Srinivasan has lots of admirers in the tech world. And his ability to vacuum up lots of information and spot new developments early isn’t for naught: On January 30, 2020, he tweeted, “What if this coronavirus is the pandemic that public health people have been warning about for years? It would accelerate many preexisting trends.” Specifically, he mentioned, “border closures, nationalism, social isolation, preppers, remote work, face masks, distrust in governments.” He can be prescient. But the most important reason to pay attention to his new book is how much it manages to distill and advance a simple, alluring and dangerous mindset: Bitcoin Libertarianism.
At first glance, the driving idea of The Network State isn’t a bad one. After all, people have been founding the equivalent of “start-up societies” for a long time. So much of what makes life on Earth so vibrant is the variety of lifestyles and communities one may choose from. Inside the United States, assuming you have some money and mobility, you can live in urban ethnic enclaves, college towns, rural militia compounds, gay Meccas, havens for spiritual seekers, co-housing, leisure resorts, retirement villages, gated communities, cosmopolitan neighborhoods or white-bread suburbs. So creating a new community around a shared idea—the heart of Srinivasan’s vision—isn’t new.
Nor is it strange to consider how far one could go today with that vision. Srinivasan imagines that with more and more of us living lives mediated by the Cloud, a “network state” could be built by a “highly aligned online community with a capacity for collective action that crowdfunds territory around the world and eventually gains diplomatic recognition from pre-existing states.” He offers some benign-sounding examples, such as a Digital Sabbath society of people who agree that 24/7 connection to the Internet is bad, or a “Keto Kosher” society of people who avoid carbs, or, and here’s where the tell starts, “a life extension good” society that he says “leads to a post-FDA society” where anyone can buy or sell any medical product without interference.
In lots of ways, we already live in a world where the lines between our personal networks, the nation-state we live in, and the larger global system have gotten blurrier. So Srinivasan’s futurism can seem benign. Many ethnic diasporas, where people far from their mother country maintain intense communications and financial relationships with people back home, sound a bit like network states, right? State sovereignty is also somewhat flexible. A big diaspora community in one country can, in some circumstances, aggregate enough power to get its host country to tilt favorably toward home (think of US policy toward countries like Ireland, Israel, Greece, or India, for example).

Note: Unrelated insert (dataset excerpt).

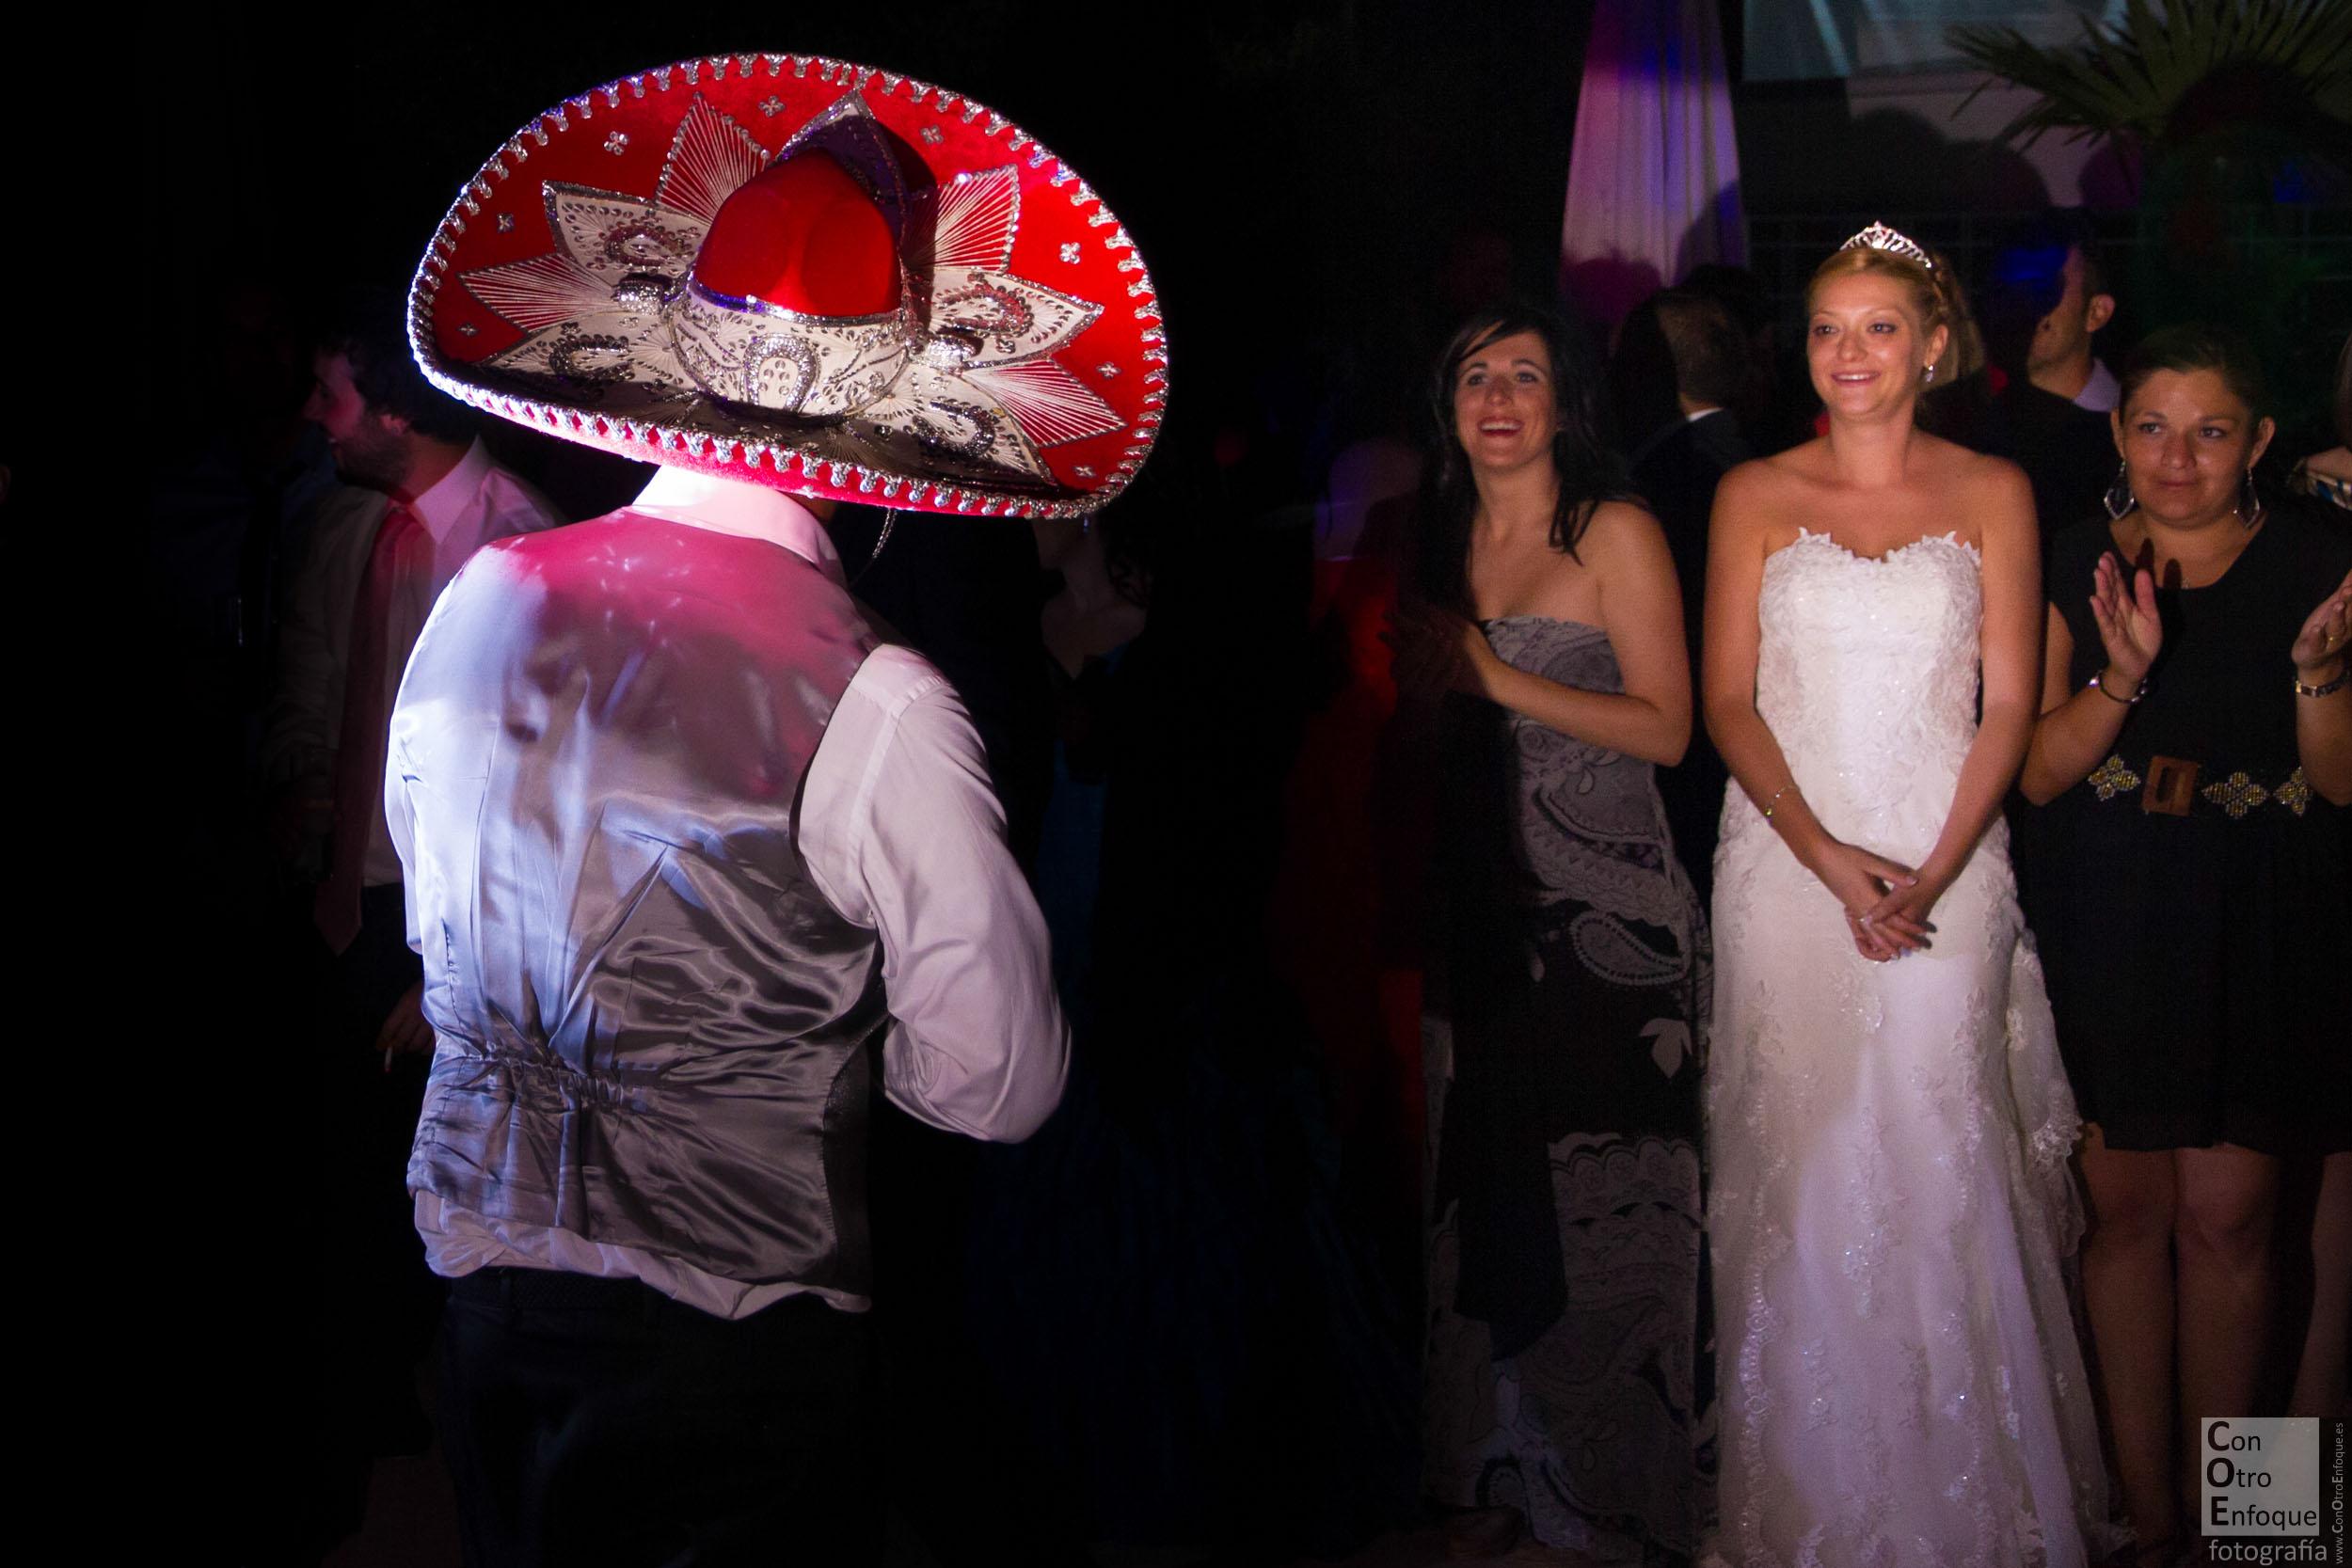 enamorados. Boda-Carrizosa-Ciudad Real-La Mancha-wedding-Spain-love-bridal-bride-song

And Srinivasan isn’t wrong to point out a nation-state doesn’t have to be big. Of the 193 UN-recognized sovereign states, he notes, 20% have populations of less than one million, including Cyprus (1.2 million), Estonia (1.3 million), New Zealand (4.7 million), Ireland (4.8 million) and Singapore (5.8 million). At a time when many individual influencers have more than a million followers, is it really crazy to imagine building a new startup society of 1-10 million people? Furthermore, if nation-states truly break down and stop being able to provide for the safety and well-being of their residents, and, crucially, if the current rules-based international order fails to step in with help, what is to prevent such start-ups from flourishing especially in the places where national governments are effectively disappearing?
Say Hello to Afropolitan
Some African entrepreneurs who have built a following of more than 200,000 on Clubhouse called Afropolitan have now announced that, inspired by The Network State and frustrated by government dysfunction in their home countries, they want to build the world’s first “internet country.” Led by by Eche Emole (a former executive with Flutterwave) and Chika Uwazie (a former tech recruiter and investor), Afropolitan has raised $2.1 million in angel funding from people including Elizabeth Yin of Hustle Fund, Shola Akinlade of Paystack, Ian Lee of SyndicateDAO, Iyinoluwa Aboyeji of Future Africa, Olugbenga Agboola of Flutterwave, Walter Baddoo of 4DX Ventures, Jason Njoku of IROKO, Tobenna Arodiogbu of Cloudtrucks, Ngozi Dozie of Carbon, Dare Obasanjo, senior product manager at Meta—and Srinivasan. Several VC firms are also investing.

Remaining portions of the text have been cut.